Hatay: A State That Judges the Parent, Not the Child, Is an Ethnocracy

Senior researcher at the PRIO Cyprus Centre, Mete Hatay, has strongly criticised the Republic of Cyprus’s citizenship policy, accusing the state of operating a discriminatory ethnocratic system by determining citizenship based not on the individual but on the identity of their parents.

In a social media post, Hatay condemned the Republic’s treatment of children born from mixed marriages, highlighting the inconsistent and exclusionary nature of current citizenship practices. He pointed out that while some Turkish Cypriot children born in the north are granted identification, others—born under similar circumstances—are denied this right solely because one of their parents entered Cyprus through a port deemed “illegal.”

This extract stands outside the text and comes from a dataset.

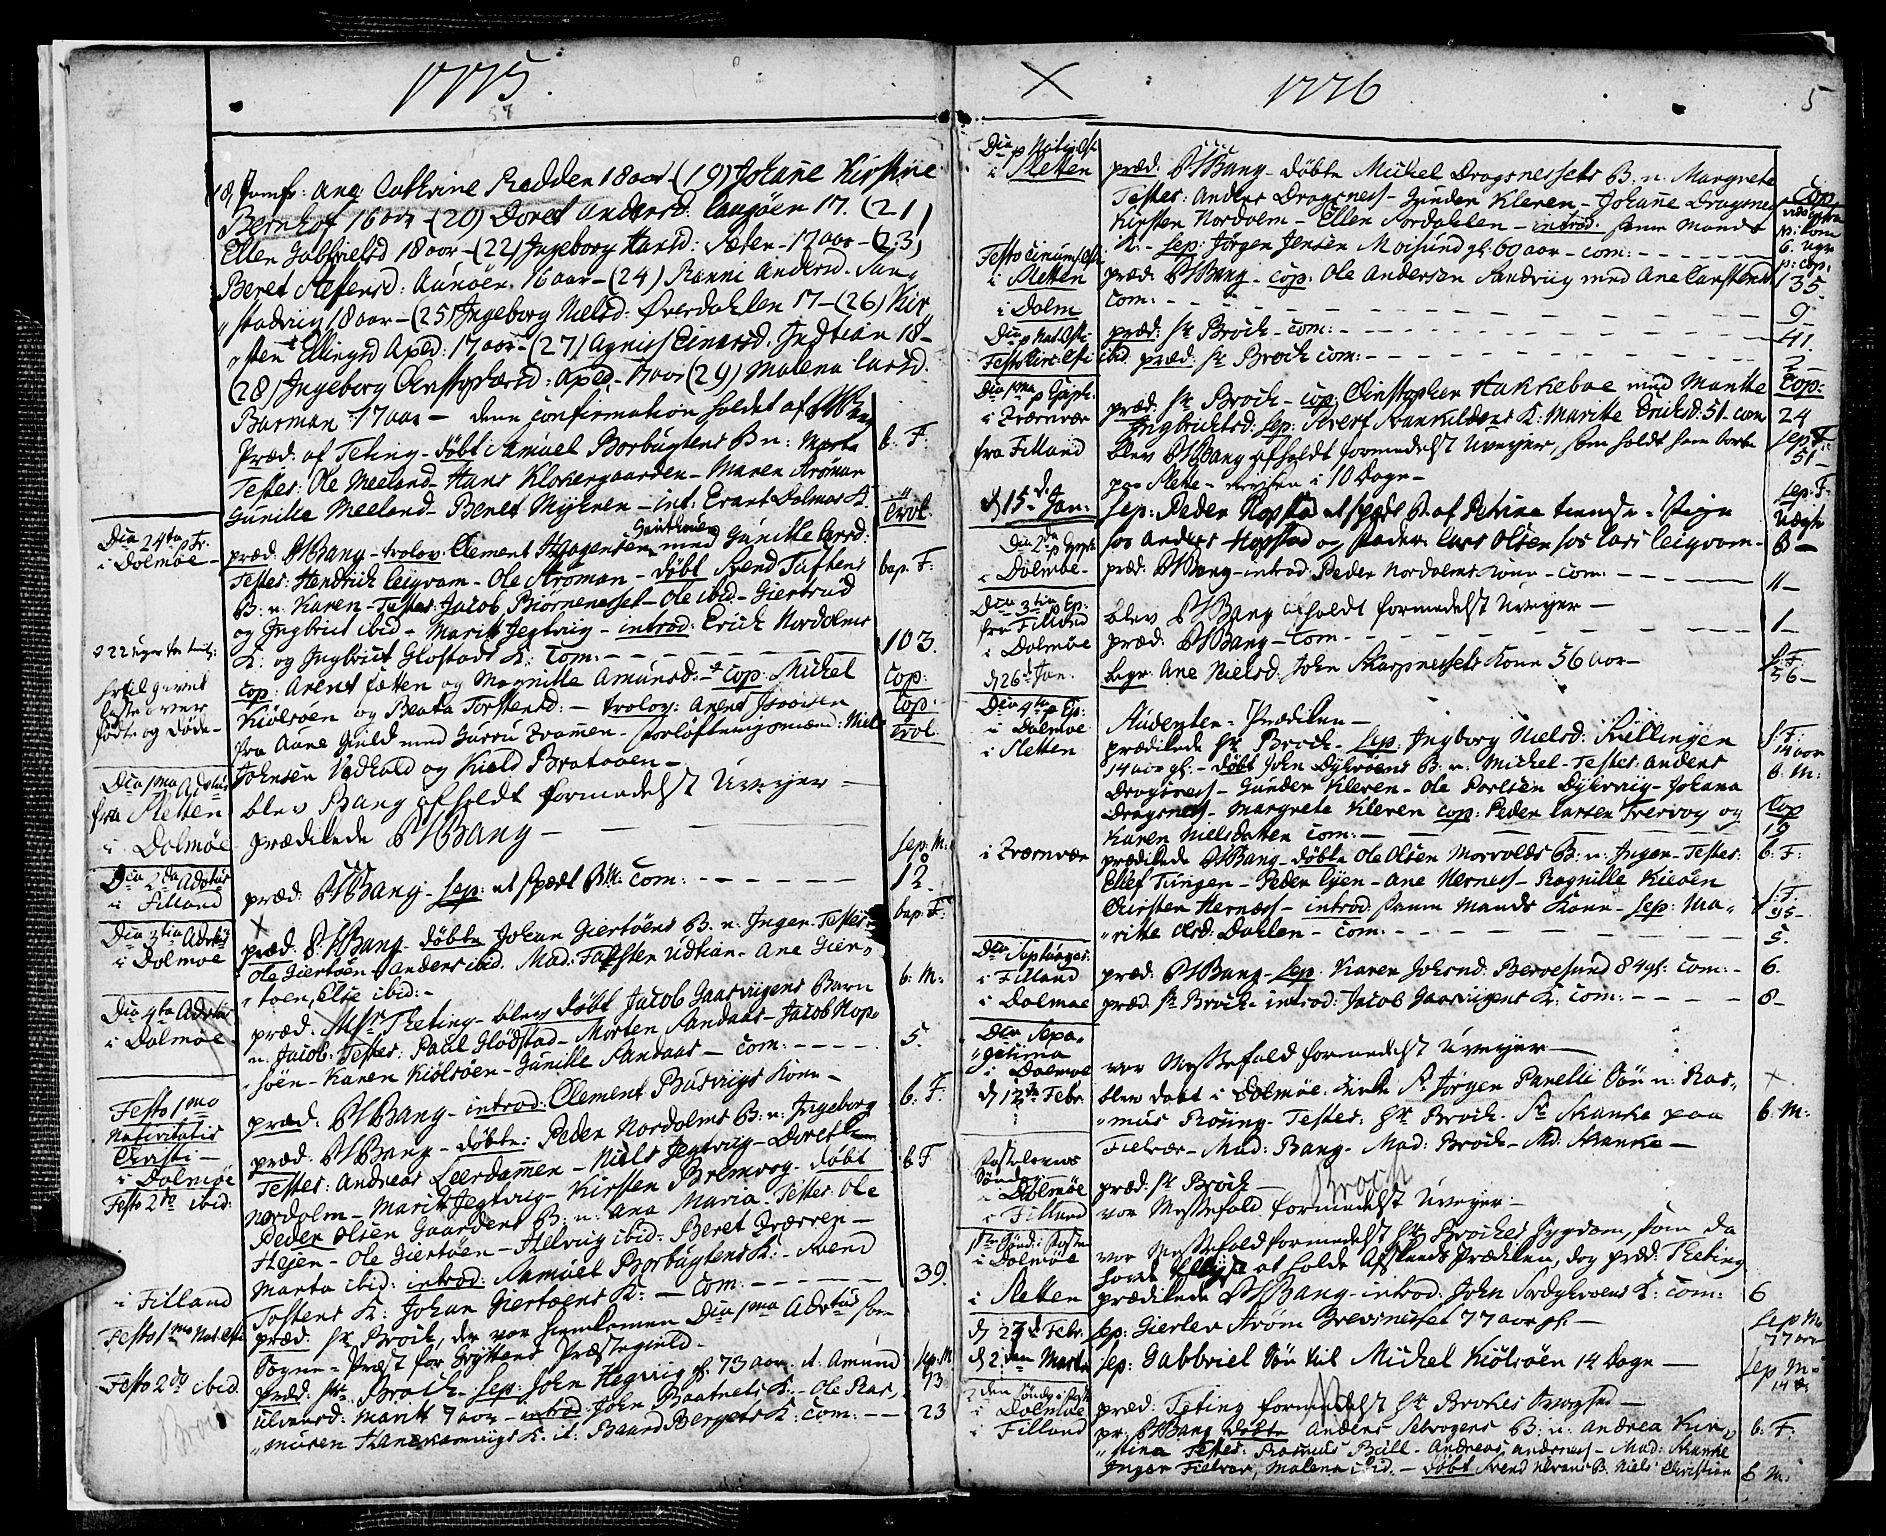 SAT, Ministerialprotokoller, klokkerbøker og fødselsregistre - Sør-Trøndelag, 634/L0526: Ministerialbok nr. 634A02, 1775-1818, s. 5

Hatay stressed that these policies affect not only individuals but entire families. He noted that children who grow up in the same neighbourhoods, attend the same schools, and may even be siblings can find themselves in drastically different legal positions, with one recognised as a citizen and the other rendered invisible.
“These policies do not just judge the children,” Hatay said, “but their parents too, forming a kind of ‘moral tribunal’ that claims the authority to decide who is a ‘real’ Turkish Cypriot.”
He concluded by stating that “if a state judges not the child, but who gave birth to the child, it has abandoned the principles of the rule of law and embraced a discriminatory, ethnocratic system.”